The loan comparison on is an offer of FFG FINANZCHECK Finanzportale GmbH (hereinafter referred to as FINANZCHECK). Should you actually receive a lower effective annual interest rate from another installer via FINANZCHECK, FINANZCHECK will reimburse you the interest rate differential, but not more than EUR 750.

  • The offer of a competing contract must be binding and the details of the credit applicant / s as well as the contractually defined services (eg loan amount, term) must be identical to the one we have arranged and disbursed.
  • The competing contract offer must be from the same bank as the loan brokered and disbursed by us.
  • The competing offer was made no later than two weeks after the conclusion of the loan we brokered.
  • Dealer, manufacturer and special conditions, as well as mortgage loans, are excluded from the guarantee.
  • The best interest guarantee applies to loan amounts of € 1,000 – € 50,000 and a term of 12 – 84 months.
  • The loan brokered by us will not be revoked by you within the contractual withdrawal period.

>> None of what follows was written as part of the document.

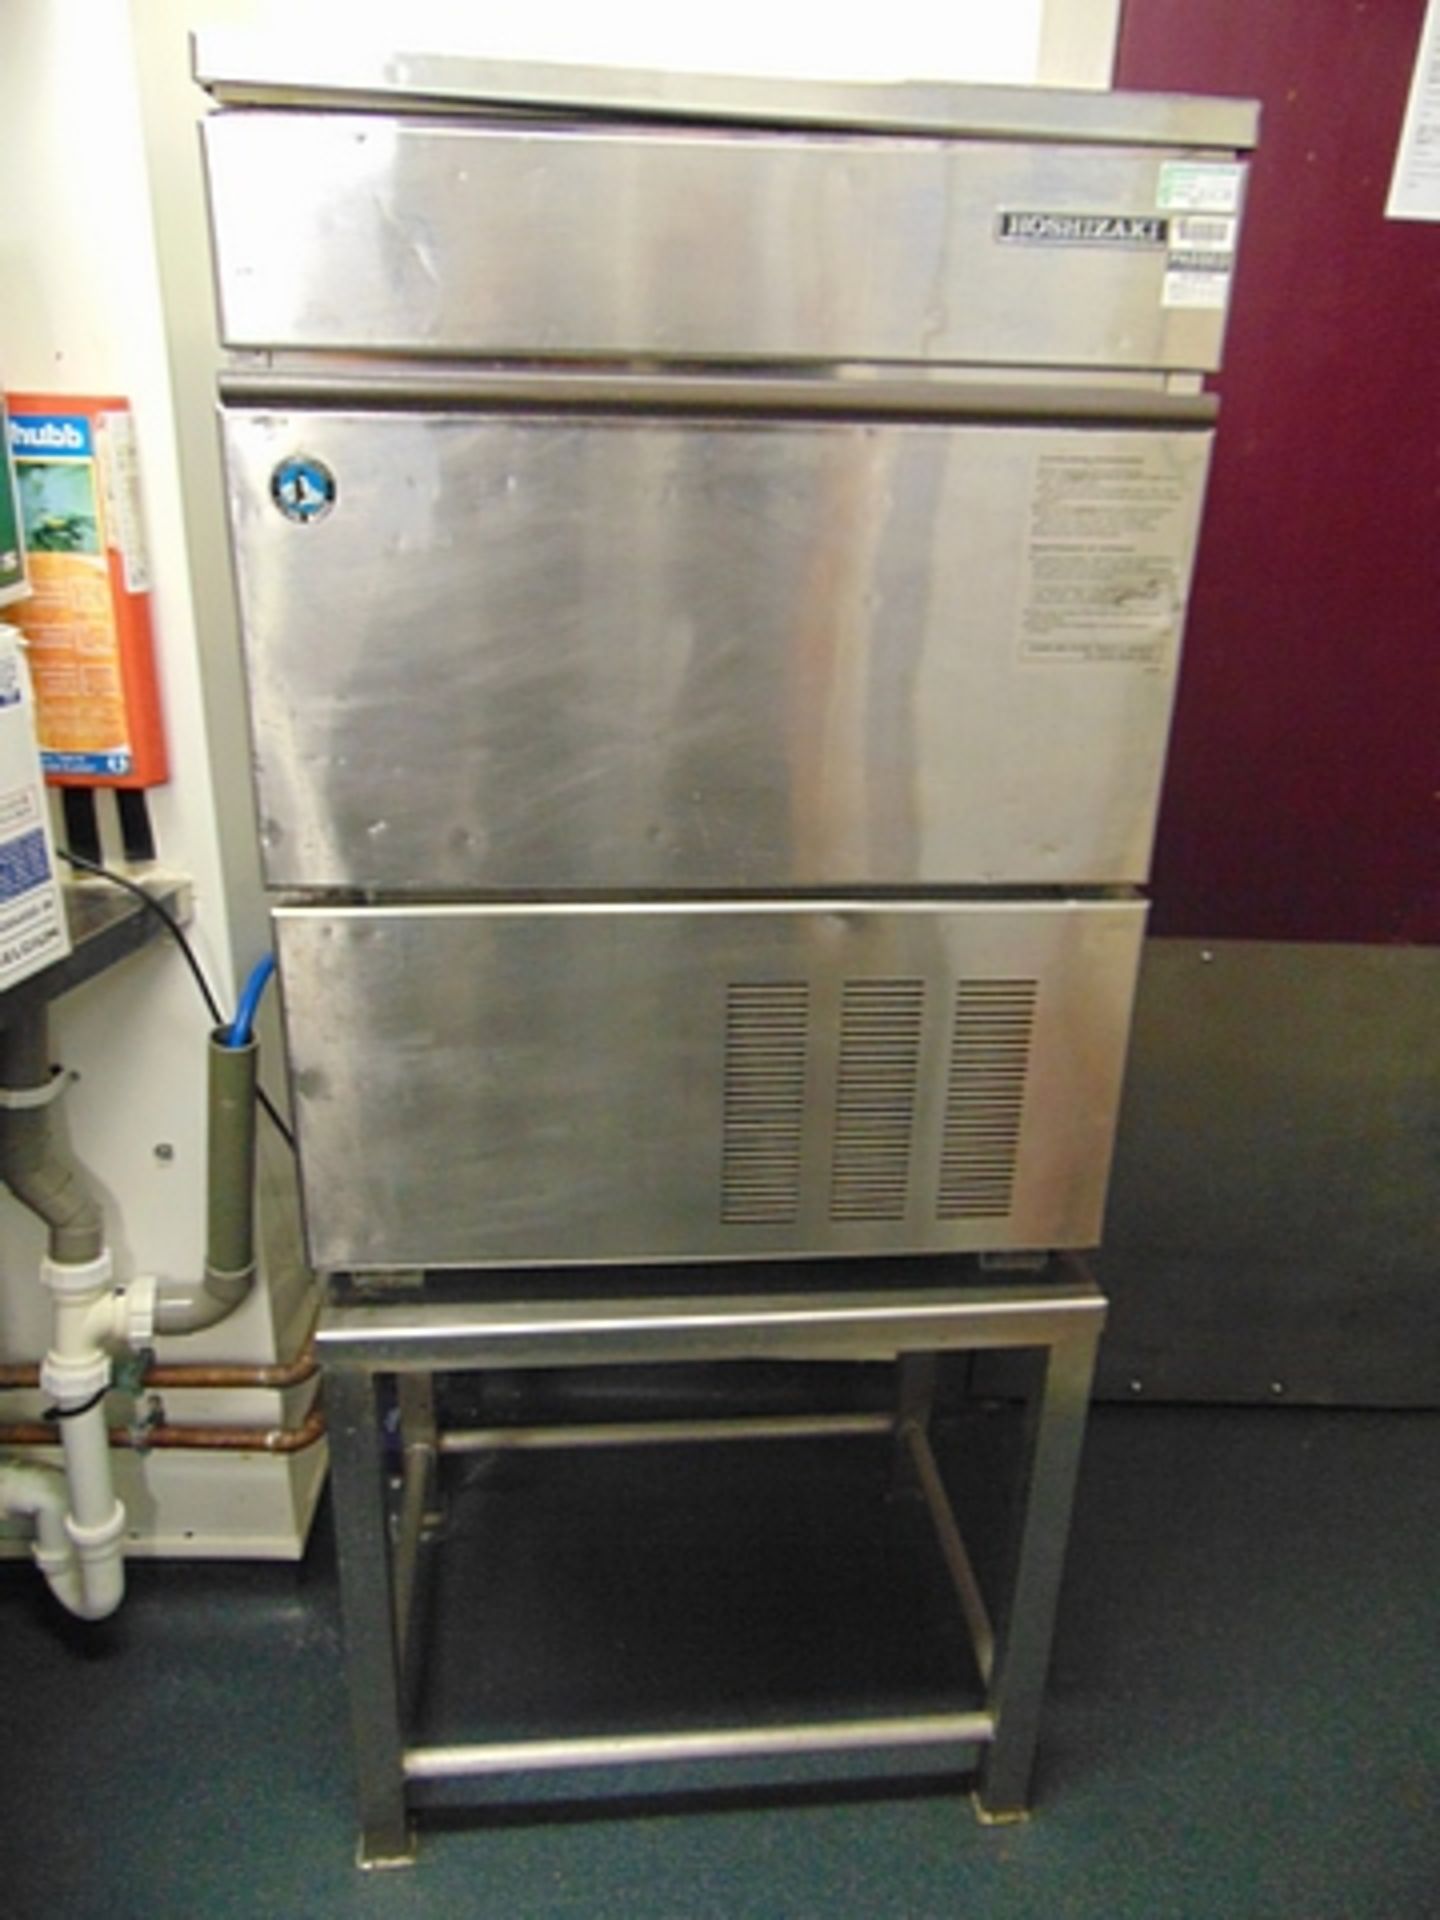 Hoshizaki IM65LE ice maker 56kg ice production in 24hrs 240v single phase 633mm x 506mm x 850mm (s/n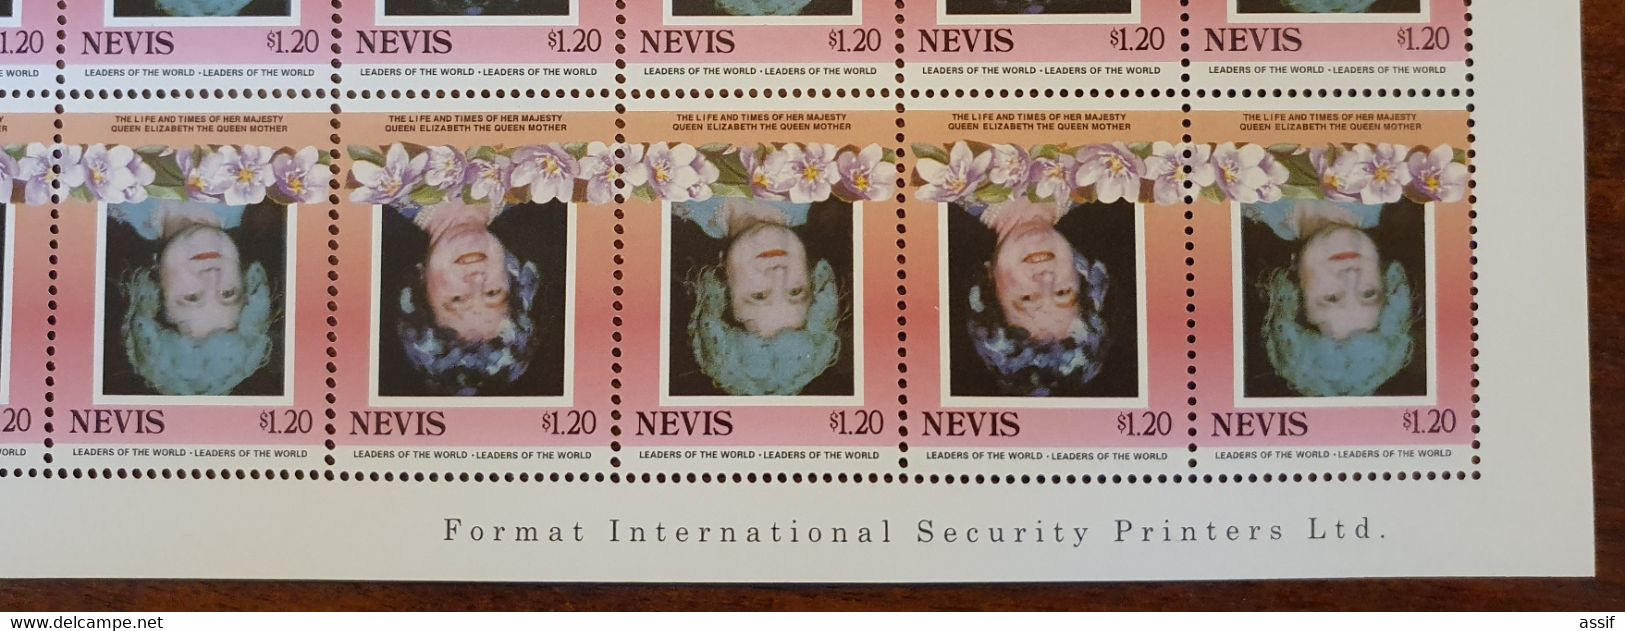 NEVIS 1,20$ 1985 FEUILLE ENTIERE CENTRE RENVERSE SHEET INVERTED YT 315 Et 316 50 TIMBRES NEUFS ** /FREE SHIPPING R - St.Kitts E Nevis ( 1983-...)

If you have been offered a lower rate of interest outside of the FINANZCHECK credit comparison and the above conditions are met, then please send a bank statement showing the payment of the first monthly installment of the loan we have brokered together with a full copy of the competitive offer to the address below. Please note that the documents must be received by us no later than four weeks after the expiry of the revocation period (or if the first installment has not been debited to date, at the latest four weeks after deduction of the first installment) of the loan arranged by us. We will review your records and contact you as soon as possible. Please do not forget to include your bank details so that we can pay you the interest difference.

The forward loan

A forward loan is a kind of annuity loan, which is usually used for real estate financing. In this case, the borrower is paid the loan amount only after a specified lead time. During this lead time, neither commitment nor loan interest will be paid.

In most cases, this form of a loan will be used for follow-up financing – this way the borrower can secure a low-interest rate on his loan. Although the borrower has to pay an interest premium, this is generally comparatively low. In return, he receives a fixed interest period at the lowest possible interest rate. So if you observe the market interest, you can use the conditions for the forward loan in your favor.